My problem is i wanted to use something recursive and cut down on operations. I was thinking of something that would divide the string.length()/2 and then use String.contains("#") on the second half first. If that half does contain the # symbol then it would call the functions recursively agin. If the back half did not contain the # symbol then the front half would have it and we would call the function recursively sending it.
So my problem is when I call the function recursively and send it the "substring" once I find the # symbol I will only have the index of the substring and not the index of the original string. Any ideas on how to keep track of it or maybe a command/method I should be looking at. Below is my original code. Any advice welcome.

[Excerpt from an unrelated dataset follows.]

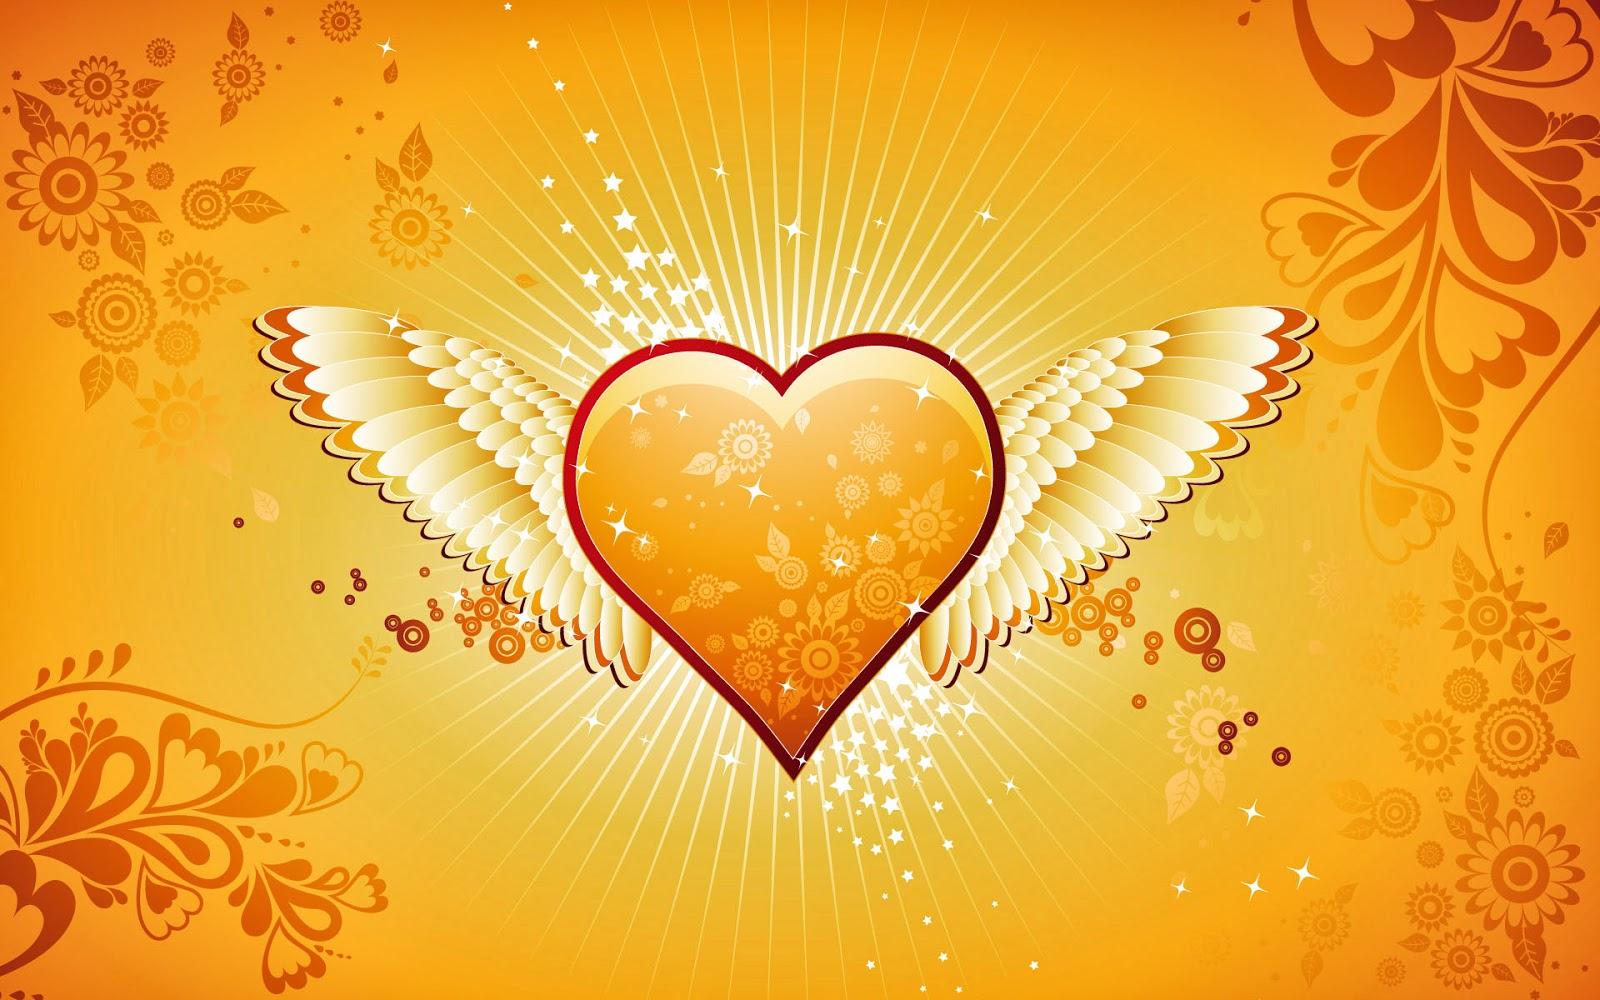 Fondos De Pantalla Gratis San Valentin 16: Bajar Fondos De Pantallas E Imagenes: Fondo De Pantalla

public static List<String> parseEmail(Set<String> emails)
{
List<String> _names = new LinkedList<String>();
Iterator<String> eMailIt=emails.iterator();
while(eMailIt.hasNext())
{
String address=new String(eMailIt.next());
boolean check=true;
if(address.contains("#"))//if else will catch addresses that do not contain '#' .
{
String _address="";
for(int i=address.length(); i>0 && check; i--)
{
if('#'==address.charAt(i-1))
{
_address=new String(address.substring(0,i-1));
check=false;
}
}
_names.add(_address);
//System.out.println(_address);//fill in with correct sub string
}
else
{
//System.out.println("Invalid address");
_names.add("Invalid address");//This is whats shownn when you have an address that does not have an # in it.

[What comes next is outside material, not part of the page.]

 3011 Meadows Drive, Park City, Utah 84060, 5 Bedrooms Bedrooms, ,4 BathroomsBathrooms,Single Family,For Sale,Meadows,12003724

} // could have it insert some other char i.e. *%# s.t. if you use the returned list it can skip over invalid emails
}
return _names;
}
**It was suggested I use the String.indexOf("#") BUT according to the API this method only gives back the first occurrence of the symbol and I have to work on the assumption that there could be multiple "#" in the address and I have to use the last one. Thank you for the suggestion though. Am looking at the other suggestion and will report back.
***So there is a string.lastindexOf() and that was what I needed.
public static List<String> parseEmail(Set<String> emails)
{
List<String> _names = new LinkedList<String>();
Iterator<String> eMailIt=emails.iterator();
while(eMailIt.hasNext())
{
String address=new String(eMailIt.next());
if(address.contains("#"))//if else will catch addresses that do not contain '#' .
{
int endex=address.lastIndexOf('#');
_names.add(address.substring(0,endex-1));
// System.out.println(address.substring(0,endex));
}
else
{
// System.out.println("Invalid address");
_names.add("Invalid address");//This is whats shownn when you have an address that does not have an # in it.
} // could have it insert some other char i.e. *%# s.t. if you use the returned list it can skip over invalid emails
}
return _names;
}
Don't reinvent the wheel (unless you were asked too of course). Java already has a built-in function for what you are attempting String.indexOf(String str). Use it.
final String email = "someone#example.com";
final int atIndex = email.lastIndexOf("#");
if(atIndex != -1) {
final String name = email.substring(0, atIndex);
}
I agree to the previous two answers, if you are allowed to use the built-in functions split or indexOf then you should. However if it is part of your homework to find the substrings yourself you should definitely just go through the string's characters and stop when you found the # aka linear search.
You should definitely not under no circumstances try to do this recursively: The idea of divide and conquer should not be abused in a situation where there is nothing to gain: Recursion means function-call overhead and doing this recursively would only have a chance of being faster than a simple linear search if the sub-strings were searched in-parallel; and even then: the synchronization overhead would kill the speedup for all but the most gigantic strings.
Unless recursion is specified in the homework, you would be best served by looking into String.split. It will split the String into a String array (if you specify it to be around '#'), and you can access both halves of the e-mail address.